Frozen in limbo: no way forward, no way back.
Conference cancelled. No meetings allowed. No travel allowed. No camper-van - though the agent kept all of the booking-fee anyway. The hotel was still there, but now more like a prison for mandatory quarantine.
And once out of quarantine, nowhere to go - nowhere stable, anyway. Just living out of suitcases in AirBnBs, month after month after month.
Can’t move forward, can’t move back.. Stranded in limbo.
Half a year goes by. I at last find a rental, big enough to start sorting out my stuff. Doing that much-needed cull, true, but not a place where I can get down to work.
Stranded in limbo. Can’t move forward, can’t move back. With all the lockdowns and the like, can’t really make any move at all. And watching my meagre saving dwindle further away with each passing day.

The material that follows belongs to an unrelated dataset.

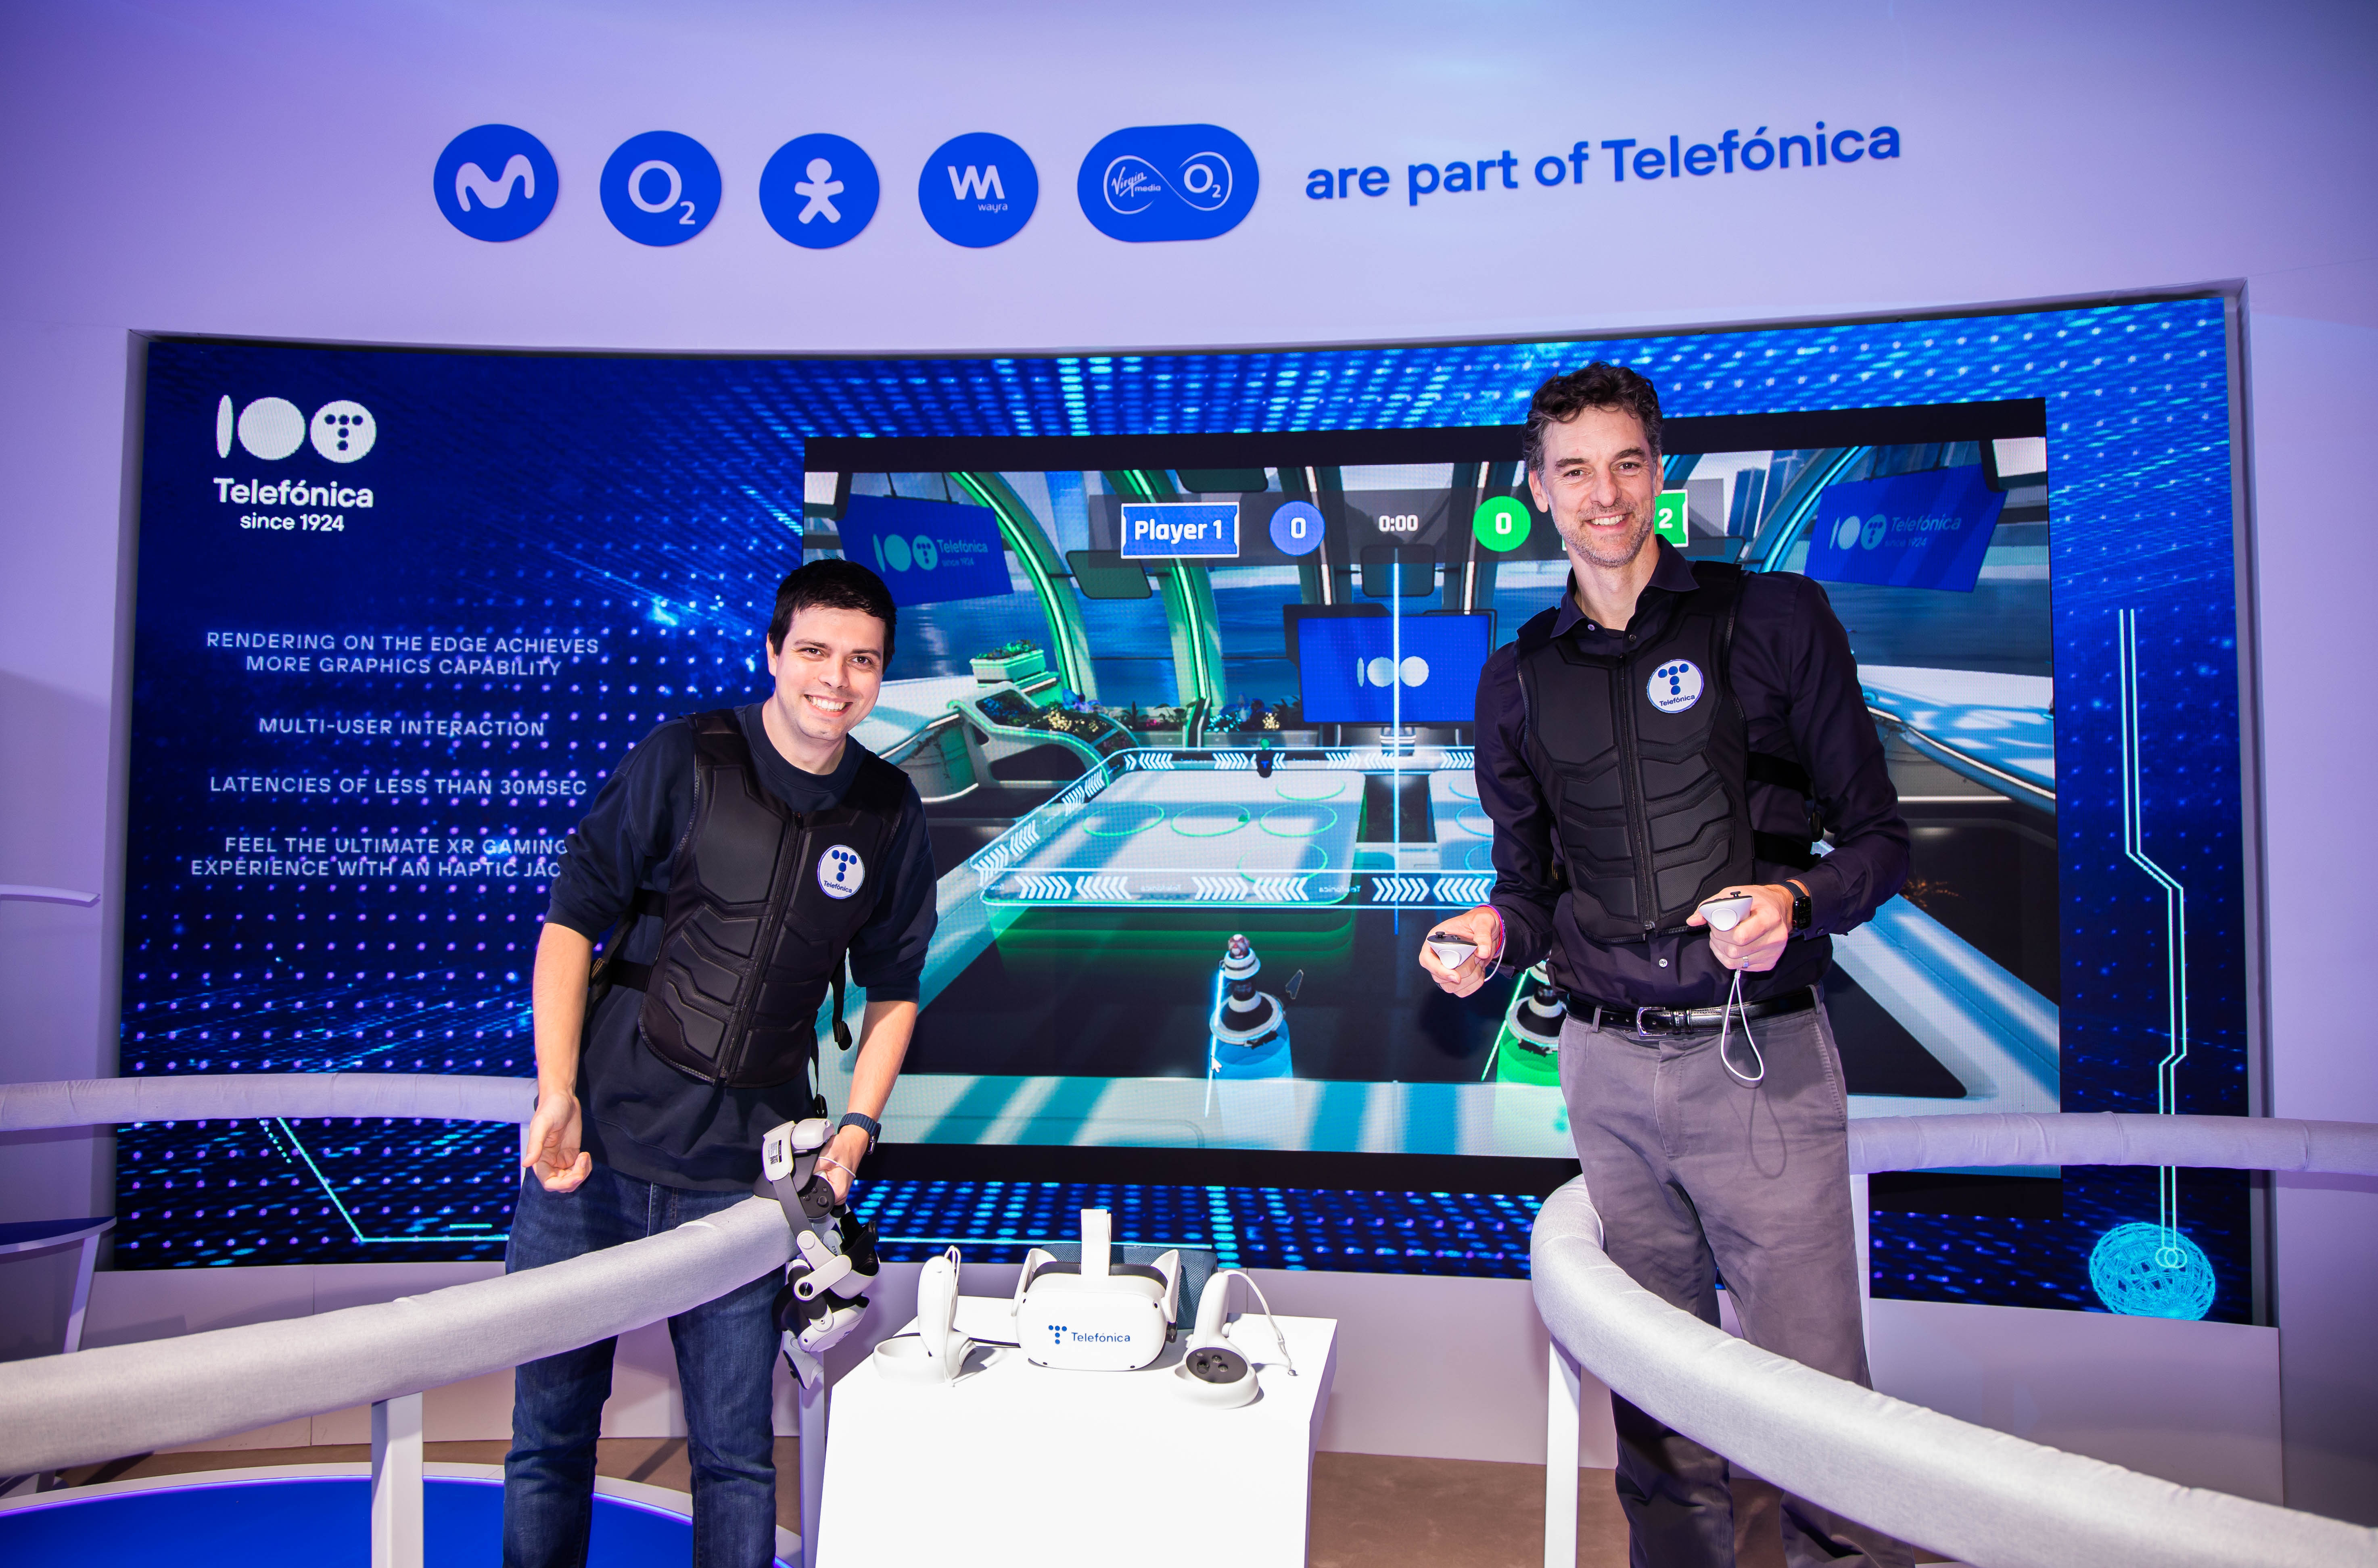 Pau García-Milà junto a Pau Gasol en la zona de demos del stand de Telefónica

Dispiriting, to say the least…
Yet that isn’t the point here.
The real point is in how to keep dancing, even in the hard times. Even in limbo.
Finding the joy in each moment. Even in limbo.
Not easy, of course. Not easy at all. Especially so when the lockdowns here grind on and on, day after day.
Yes, I’m still stranded in limbo, the same debilitating limbo. No way forward, no way back.
But I’ll keep dancing anyway. Dancing in limbo.
Because at least it’s some kind of movement, even when there’s no other movement to be had.
And something to share with others, even when we’re dancing alone.
Just another example of when things fall into place, the place falls apart. I always thought limbo was a dance which originated in Trinidad and was popular at a wake., and I was never supple enough to partake. Dance has always been food for the soul and if it can help in keeping us all same then I am all for it.
Hopefully your parole comes through soon so that you can resume normal activities, we can all live in hope.